Hoping the controversy would die down, Specter issued a second clarifying statement Friday, attacking the initial Associated Press report and citing his work with Santorum on conservative nominees from Pennsylvania. “There can be no doubt about my support for the president,” he said.
Santorum’s support for Specter is a marked contrast to his early Senate years when he tried to revoke a chairmanship from a wayward Senator — a revolt that ended with the Conference agreeing to six-year limits on holding gavels.
In addition to Santorum’s apparent continued support for Specter, a strategist familiar with the efforts of conservatives on judicial nominees noted that so far the most prominent on the right have remained silent and not called for denying Specter the gavel. The strategist said pressure against Specter would build if he loses the support of activists such as C. Boyden Gray, the former White House counsel to the first Bush administration and the founder of the Committee for Justice, and Edwin Meese, an attorney general in the Reagan administration.
So far that support seems firm, and Hill aides said to deny Specter the chairmanship would most likely require a revolt from Republicans on Judiciary. Internal Conference rules lay out a process for selecting a chairman, but the Senate GOP has had a long-standing if unofficial policy that allows the Republican with the most seniority on the committee to become chairman.
Sen. Orrin Hatch (R-Utah) is up against the six-year limit on serving as chairman, with Sen. Chuck Grassley (R-Iowa) next in line but already chairing what is widely viewed as a more influential panel, the Finance Committee.
Officially, Conference rules call for a secret ballot of committee members to name a chairman, and that name is then forwarded to the full Conference for ratification. A majority of both the committee and Conference are needed to become chairman.
If just five of the 10 GOP Judiciary members refused to approve of Specter’s chairmanship, he could be denied the panel — but that would be the first time in recent memory that such a move was taken and would likely spark an outraged reaction from veteran committee chairmen protective of the seniority system.
The last time the Republican Conference faced a real battle for a chairmanship was after the 1996 elections when Sen. Jim Jeffords, then a Republican, was in line by seniority to take the helm of what is now the Health, Education, Labor and Pensions Committee. He faced a fight from the more conservative Sen. Dan Coats (R-Ind.), who lost the battle and retired two years later.
Specter made his pending chairmanship of Judiciary a top issue in his re-election campaign, even in a bitter primary against Rep. Patrick Toomey (R-Pa.), and was backed by Bush, who introduced Specter to a campaign crowd last spring as the “next chairman.”
Assuming he secures the chairmanship — the GOP will determine that at organizational meetings next week — Specter’s first big test could be the Supreme Court nomination fight, which could come sooner rather than later if Rehnquist’s condition makes a return to the court impossible.
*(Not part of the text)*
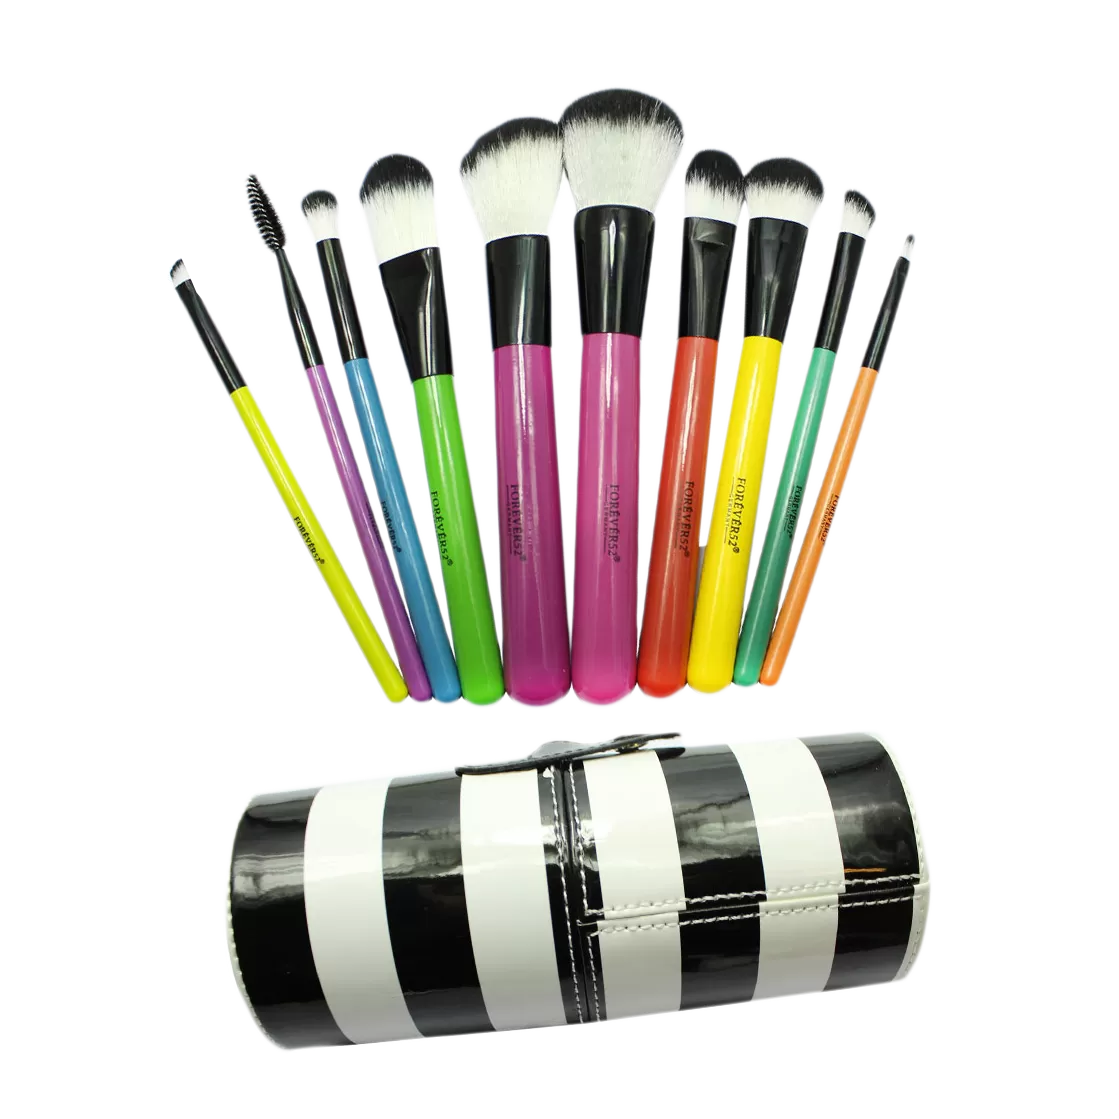 ست براش فوراور 52  10 Pcs Colorful Brushes – X046 اورجینال + (تخفیف)

Democratic aides to Judiciary members said last week that the election results did not mean they would back down from filibustering a Bush Supreme Court nominee, a tactic they used 10 times in the past two years on appellate court picks and one they consider a constitutionally acceptable option if the nominee is too far right.
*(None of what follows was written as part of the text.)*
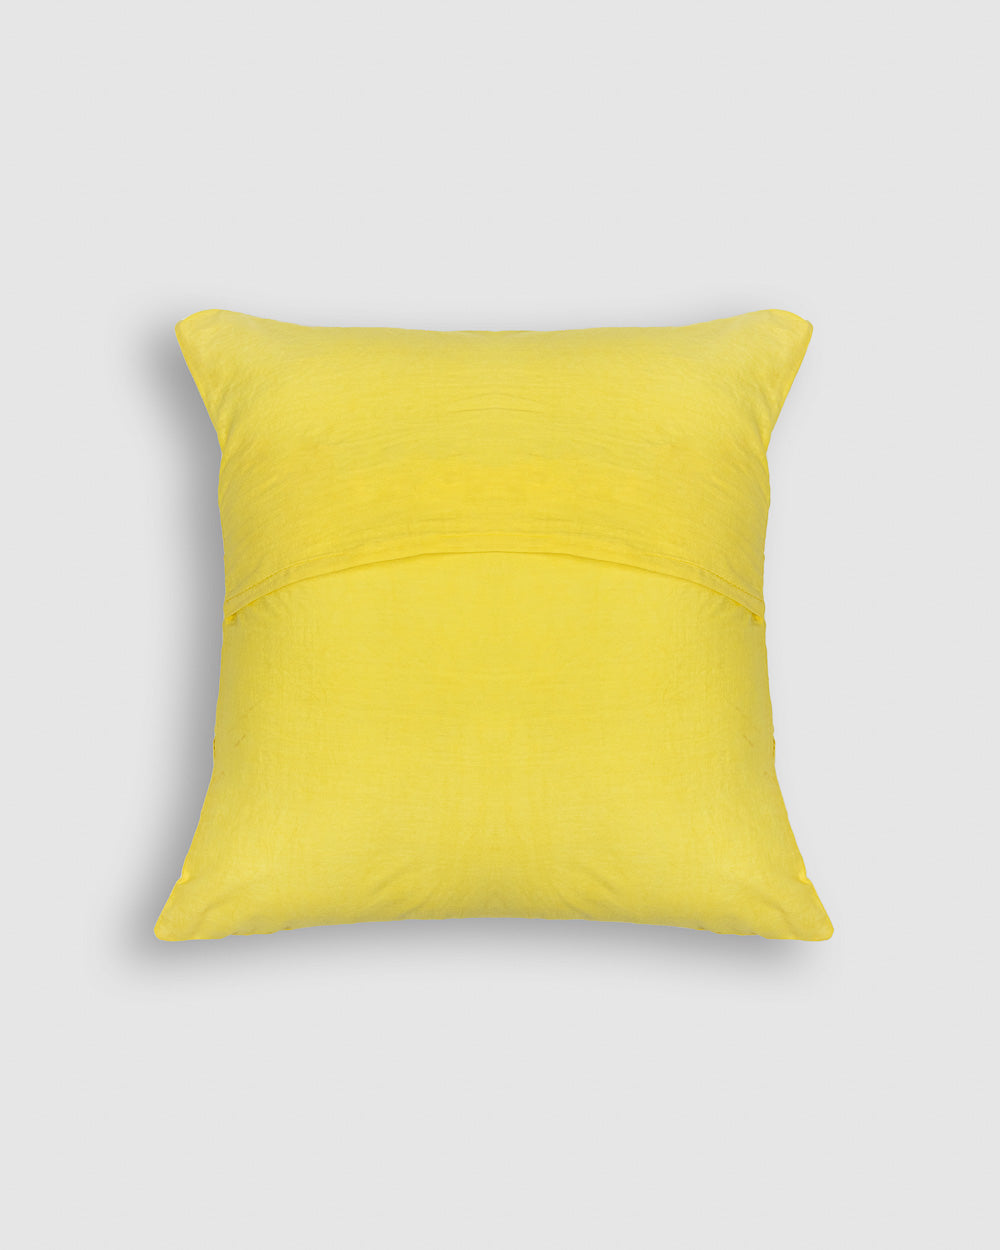 Cushion Cover Applique Kidd Design, Yellow

“It’s become more important,” one aide said of the filibuster potential. “Whatever happened last Tuesday, the basic constitutional structure didn’t change.”
Another Democratic aide noted that the spring and summer of 2003 provided a “fire drill” preparation for the coming battle, when speculation was rampant that a justice would step down and both sides engaged in a massive amount of research into the potential nominees.
Suggesting Democrats might have to “pick and choose [filibusters] a little more carefully,” the aide said Judiciary Democrats were ready for the fight. “We’re not going to get caught flat-footed,” the aide said.
With several more votes on their side, Republicans are hearing renewed talk from within their Conference about pursuing the “nuclear option,” forcing, by a simple majority vote on the Senate floor, a rule change that would forbid filibusters of judicial nominees.
Democrats have vowed swift retribution if the Republicans pushed the move, but the GOP has lacked the 50 votes they need to approve of the unilateral abolition of filibusters.
The prime movers for the issue have been Santorum and Sen. Trent Lott (R-Miss.), who have been in charge of rounding up support for the move. Aides said there was more talk of the nuclear option after the four-seat pick-up during the elections, but at most they gained just three votes because outgoing Sen. Zell Miller (D-Ga.) already sided with them on the issue.
Moderate Republicans and veteran chairmen have been most hesitant to make the move out of fear that one day they would be in the minority and Democrats would seek out their own retribution.